The Nazis' threats against Jews and German democracy are taken with the utmost seriousness in Ferdinand Bruckner's 1933 drama Race, but that, in a way, is the problem. Bruckner was a Jew so thoroughly assimilated to German culture that his response to the immediate danger of Nazism was to weave an elaborately soul-searching, Schillerian drama about it, exploring the rationales of doubters on both sides of the ethnic divide. This was a worthy but wrong tactic: By the time he was done, the doubters had been swept away, and the lines the Third Reich drew between Aryan and Jew had turned into walls, soon to enclose ghettos and ultimately death camps. The ill-timed impracticality of Bruckner's responselike dowsing for water while your house burns downmakes his play no more than a historical curio, too late to be prophetic and too ornate to bear witness.
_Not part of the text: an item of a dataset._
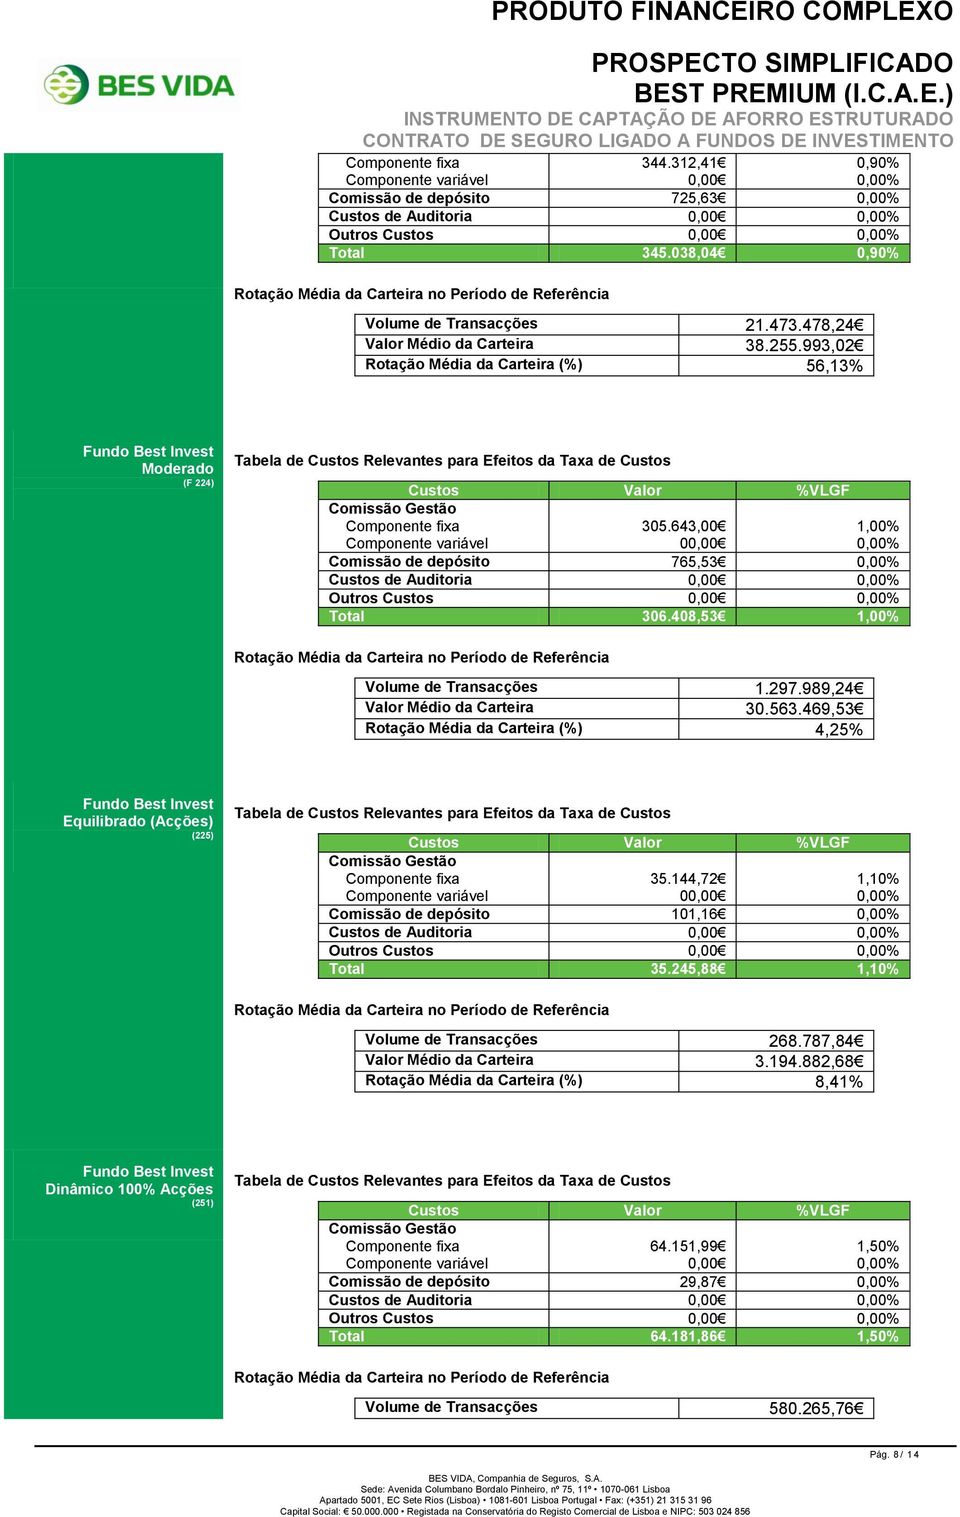 993,02 Rotação Média da Carteira (%) 56,13% Fundo Best Invest Moderado (F 224) Tabela de Custos Relevantes para Efeitos da Taxa de Custos Custos Valor %VLGF Comissão Gestão Componente fixa Componente

There may, of course, be more to it than is on view at CSC: Director Barry Edelstein's adaptation speaks fluently, but gives us little backstory on the hero, Karlaner, a medical student who's been rescued by his Jewish girlfriend, Helene, from a potential dropout's life of boozing and promiscuity. There's no explanation of why Helene, rebelling against a leisured existence with her wealthy industrialist father, thinks reforming a sot would be the road to bliss, nor, more importantly, of how Karlaner, once sober, becomes both a champion self-questioning soliloquizer and, when pressured by his buddies, switches instantly to Nazi conformity. Even if these ill-assorted elements make sense together in Bruckner's complete text, they'd be hard to swallow on the contemporary stage, given our inevitable hindsight. As with Boy Gets Girl, we've seen all the scenes before; unlike Gilman, Bruckner doesn't surprise us with the characters' individuality.
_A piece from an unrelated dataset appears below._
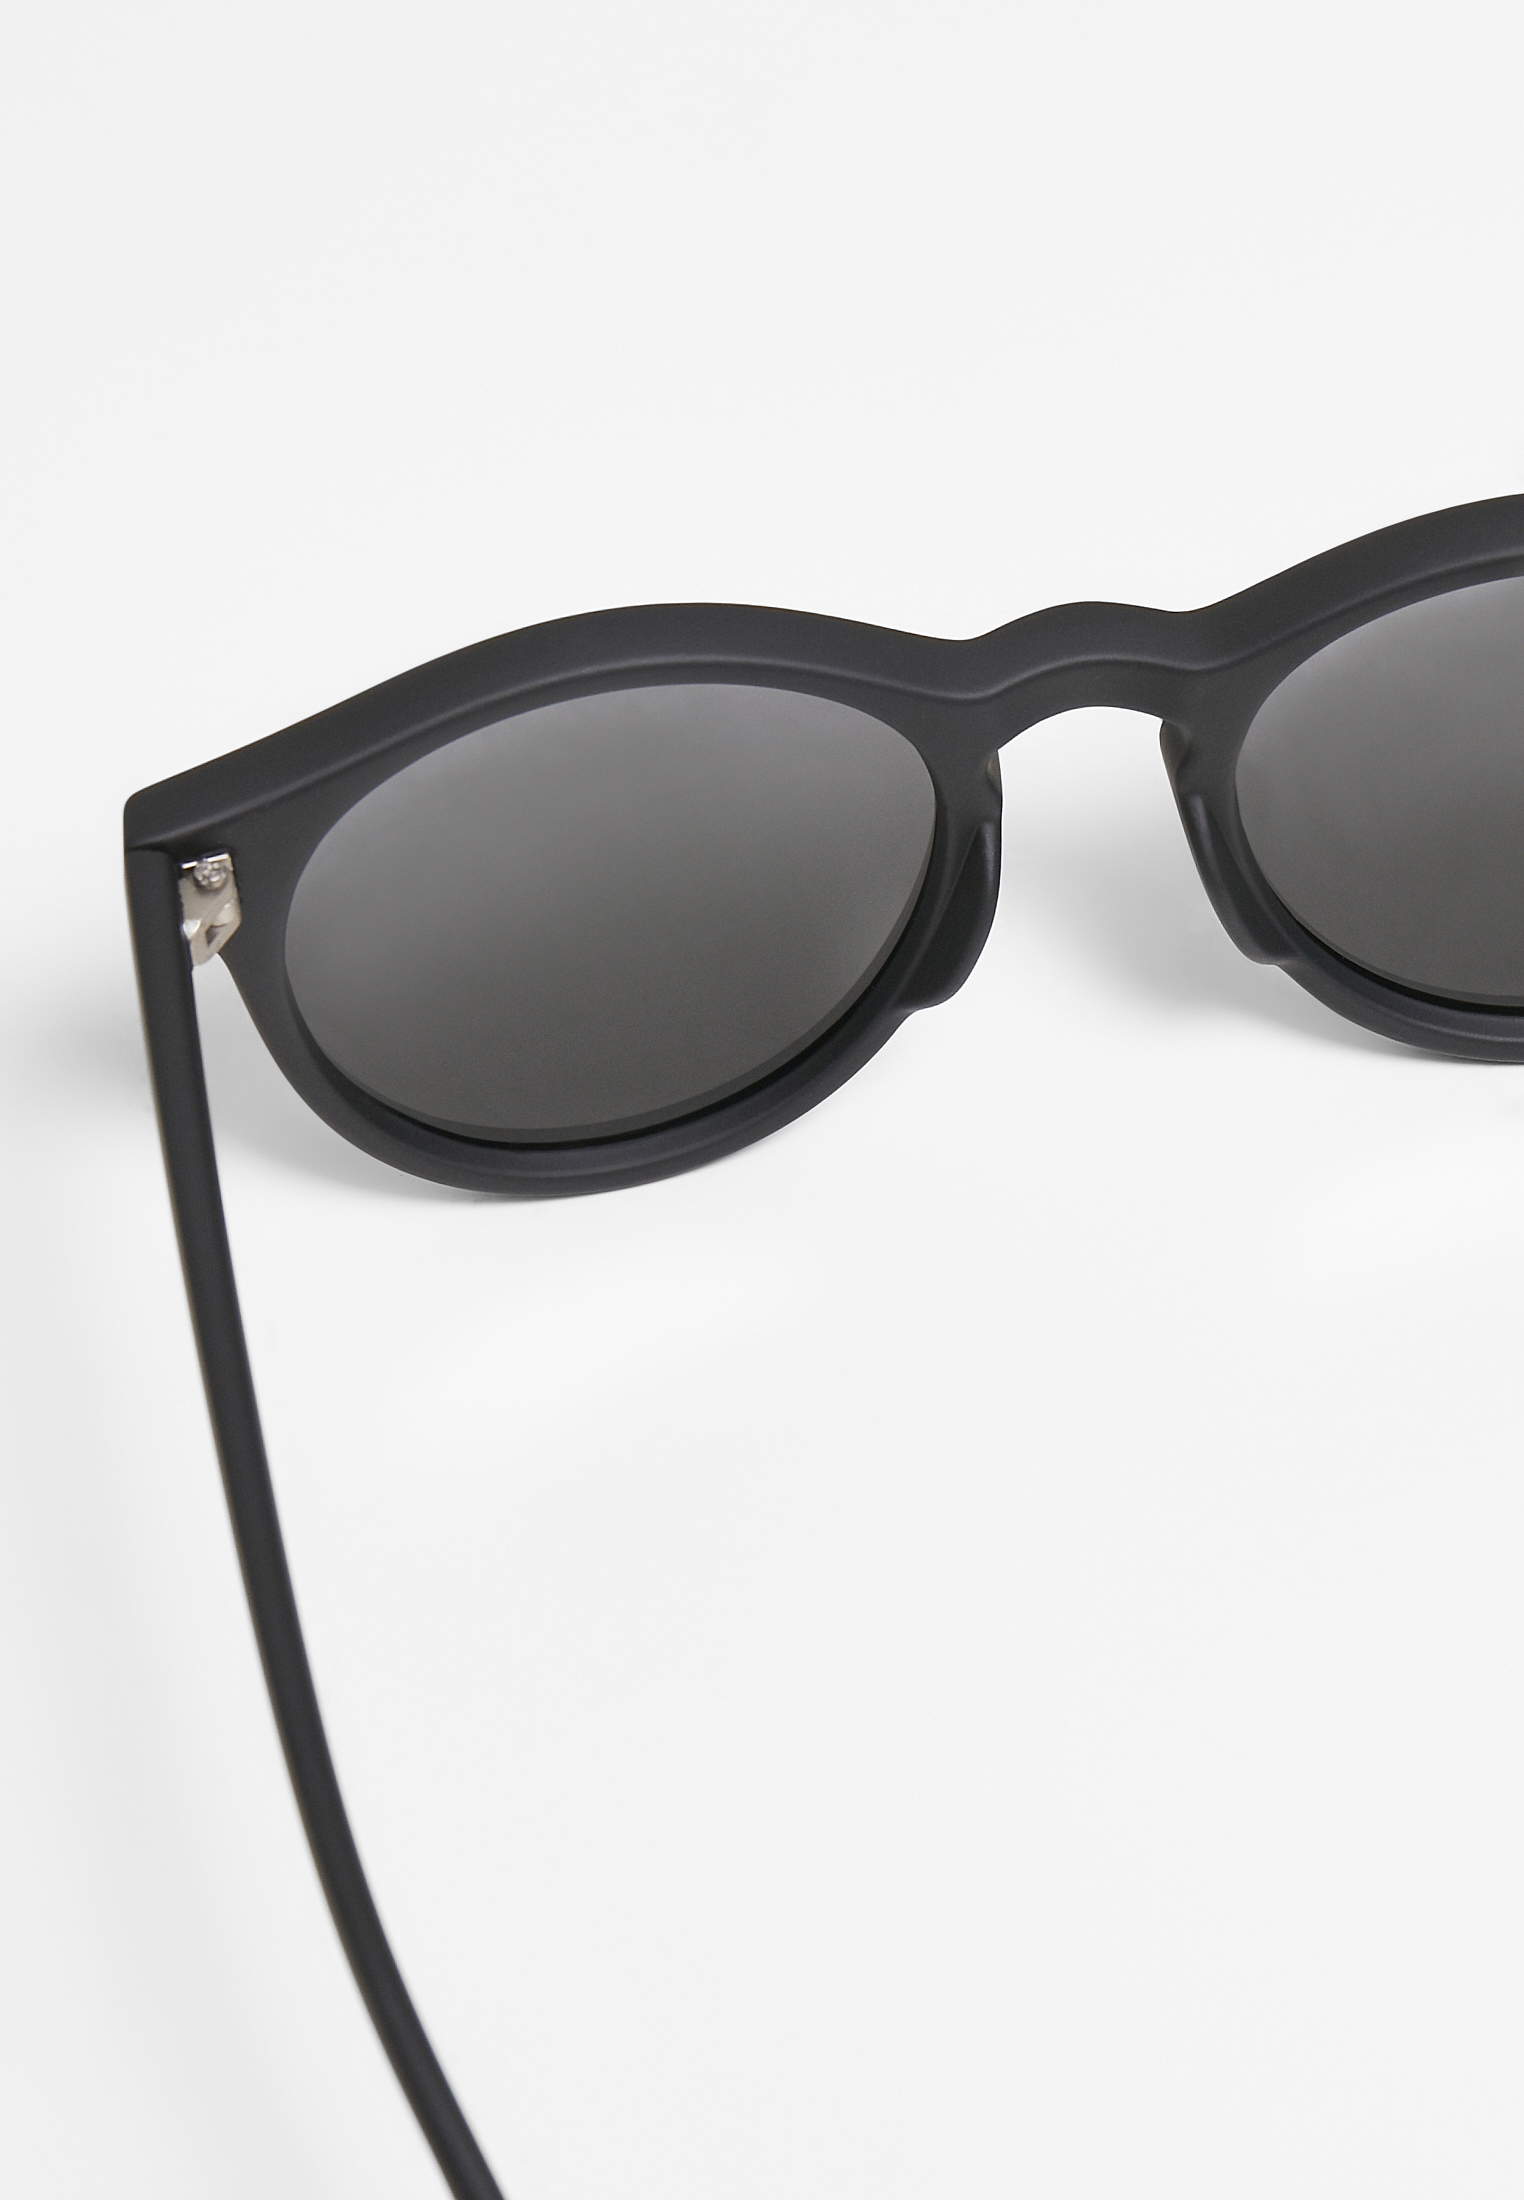 Sonnenbrillen Sunglasses Sunrise UC in Farbe black/grey

Instead, you just feel sorry for Stephen Barker Turner, the intermittent blank panic in whose eyes probably has more to do with the guff he has to spout than with Karlaner's emotional confusion; at any rate, he lets his loftier passages drop into a nonstop mumble. Maybe he just feels somewhat beaten down by the rest of the cast, which goes in for a loud, studied artificiality. Ronald Guttmann, as Helene's father, and C.J. Wilson, as Karlaner's ultra-Nazi classmate, both escape the surrounding falsity, though neither gives his role more than a credible surface reading. The surface, though, is where the production stores most of its strength: Neil Patel's spacious rectangular set, handsomely demarcated and shadowed by Russell H. Champa's sensitive lighting, makes a spectacularly powerful frame for Jan Hartley's tautly composed projections. The New Matter-of-Factness, as the Weimar artists called it, hasn't looked this fresh in decades; with a more matter-of-fact play and more truthful acting, it might have made an overpowering event. That it hasn't done so, and that Edelstein's own work is gravely flawed, shouldn't in any way dampen the credit he deserves for unearthing the play and taking the risk.